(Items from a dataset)
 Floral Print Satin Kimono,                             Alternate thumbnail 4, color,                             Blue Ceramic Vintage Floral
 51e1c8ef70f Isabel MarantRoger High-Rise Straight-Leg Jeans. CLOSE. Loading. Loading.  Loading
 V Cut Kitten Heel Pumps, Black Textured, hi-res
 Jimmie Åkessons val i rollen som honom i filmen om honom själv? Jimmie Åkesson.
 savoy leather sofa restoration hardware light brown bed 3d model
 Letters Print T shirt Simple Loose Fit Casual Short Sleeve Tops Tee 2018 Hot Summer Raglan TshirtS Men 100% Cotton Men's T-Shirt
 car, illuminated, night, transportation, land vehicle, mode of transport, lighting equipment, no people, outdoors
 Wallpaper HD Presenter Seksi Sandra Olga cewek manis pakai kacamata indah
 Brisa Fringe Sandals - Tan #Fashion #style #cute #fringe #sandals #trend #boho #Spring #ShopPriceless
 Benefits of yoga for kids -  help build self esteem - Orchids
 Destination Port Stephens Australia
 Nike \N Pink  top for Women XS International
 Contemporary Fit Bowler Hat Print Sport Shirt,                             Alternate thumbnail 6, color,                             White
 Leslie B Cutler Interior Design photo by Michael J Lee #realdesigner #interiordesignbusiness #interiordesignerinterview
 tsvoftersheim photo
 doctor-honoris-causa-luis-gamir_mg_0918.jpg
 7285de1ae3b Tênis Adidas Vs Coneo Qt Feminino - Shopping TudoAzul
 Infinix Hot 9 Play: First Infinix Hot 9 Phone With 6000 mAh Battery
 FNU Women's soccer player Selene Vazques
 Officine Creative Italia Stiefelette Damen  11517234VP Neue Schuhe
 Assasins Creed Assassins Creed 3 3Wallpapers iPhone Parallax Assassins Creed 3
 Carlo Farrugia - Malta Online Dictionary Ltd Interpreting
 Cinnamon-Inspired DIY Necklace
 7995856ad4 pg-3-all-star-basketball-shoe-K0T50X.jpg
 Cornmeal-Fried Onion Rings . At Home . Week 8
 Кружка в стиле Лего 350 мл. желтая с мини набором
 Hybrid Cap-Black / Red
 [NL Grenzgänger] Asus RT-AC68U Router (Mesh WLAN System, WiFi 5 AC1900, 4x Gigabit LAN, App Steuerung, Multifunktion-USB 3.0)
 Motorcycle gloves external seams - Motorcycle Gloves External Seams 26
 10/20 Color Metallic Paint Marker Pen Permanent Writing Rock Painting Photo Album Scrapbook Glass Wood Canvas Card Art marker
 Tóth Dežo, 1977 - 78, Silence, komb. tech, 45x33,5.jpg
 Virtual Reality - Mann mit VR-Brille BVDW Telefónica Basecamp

> **PROBLEM STATEMENT**
Return the data exactly, every line included.

> **YOUR RESPONSE**
 Floral Print Satin Kimono,                             Alternate thumbnail 4, color,                             Blue Ceramic Vintage Floral
 51e1c8ef70f Isabel MarantRoger High-Rise Straight-Leg Jeans. CLOSE. Loading. Loading.  Loading
 V Cut Kitten Heel Pumps, Black Textured, hi-res
 Jimmie Åkessons val i rollen som honom i filmen om honom själv? Jimmie Åkesson.
 savoy leather sofa restoration hardware light brown bed 3d model
 Letters Print T shirt Simple Loose Fit Casual Short Sleeve Tops Tee 2018 Hot Summer Raglan TshirtS Men 100% Cotton Men's T-Shirt
 car, illuminated, night, transportation, land vehicle, mode of transport, lighting equipment, no people, outdoors
 Wallpaper HD Presenter Seksi Sandra Olga cewek manis pakai kacamata indah
 Brisa Fringe Sandals - Tan #Fashion #style #cute #fringe #sandals #trend #boho #Spring #ShopPriceless
 Benefits of yoga for kids -  help build self esteem - Orchids
 Destination Port Stephens Australia
 Nike \N Pink  top for Women XS International
 Contemporary Fit Bowler Hat Print Sport Shirt,                             Alternate thumbnail 6, color,                             White
 Leslie B Cutler Interior Design photo by Michael J Lee #realdesigner #interiordesignbusiness #interiordesignerinterview
 tsvoftersheim photo
 doctor-honoris-causa-luis-gamir_mg_0918.jpg
 7285de1ae3b Tênis Adidas Vs Coneo Qt Feminino - Shopping TudoAzul
 Infinix Hot 9 Play: First Infinix Hot 9 Phone With 6000 mAh Battery
 FNU Women's soccer player Selene Vazques
 Officine Creative Italia Stiefelette Damen  11517234VP Neue Schuhe
 Assasins Creed Assassins Creed 3 3Wallpapers iPhone Parallax Assassins Creed 3
 Carlo Farrugia - Malta Online Dictionary Ltd Interpreting
 Cinnamon-Inspired DIY Necklace
 7995856ad4 pg-3-all-star-basketball-shoe-K0T50X.jpg
 Cornmeal-Fried Onion Rings . At Home . Week 8
 Кружка в стиле Лего 350 мл. желтая с мини набором
 Hybrid Cap-Black / Red
 [NL Grenzgänger] Asus RT-AC68U Router (Mesh WLAN System, WiFi 5 AC1900, 4x Gigabit LAN, App Steuerung, Multifunktion-USB 3.0)
 Motorcycle gloves external seams - Motorcycle Gloves External Seams 26
 10/20 Color Metallic Paint Marker Pen Permanent Writing Rock Painting Photo Album Scrapbook Glass Wood Canvas Card Art marker
 Tóth Dežo, 1977 - 78, Silence, komb. tech, 45x33,5.jpg
 Virtual Reality - Mann mit VR-Brille BVDW Telefónica Basecamp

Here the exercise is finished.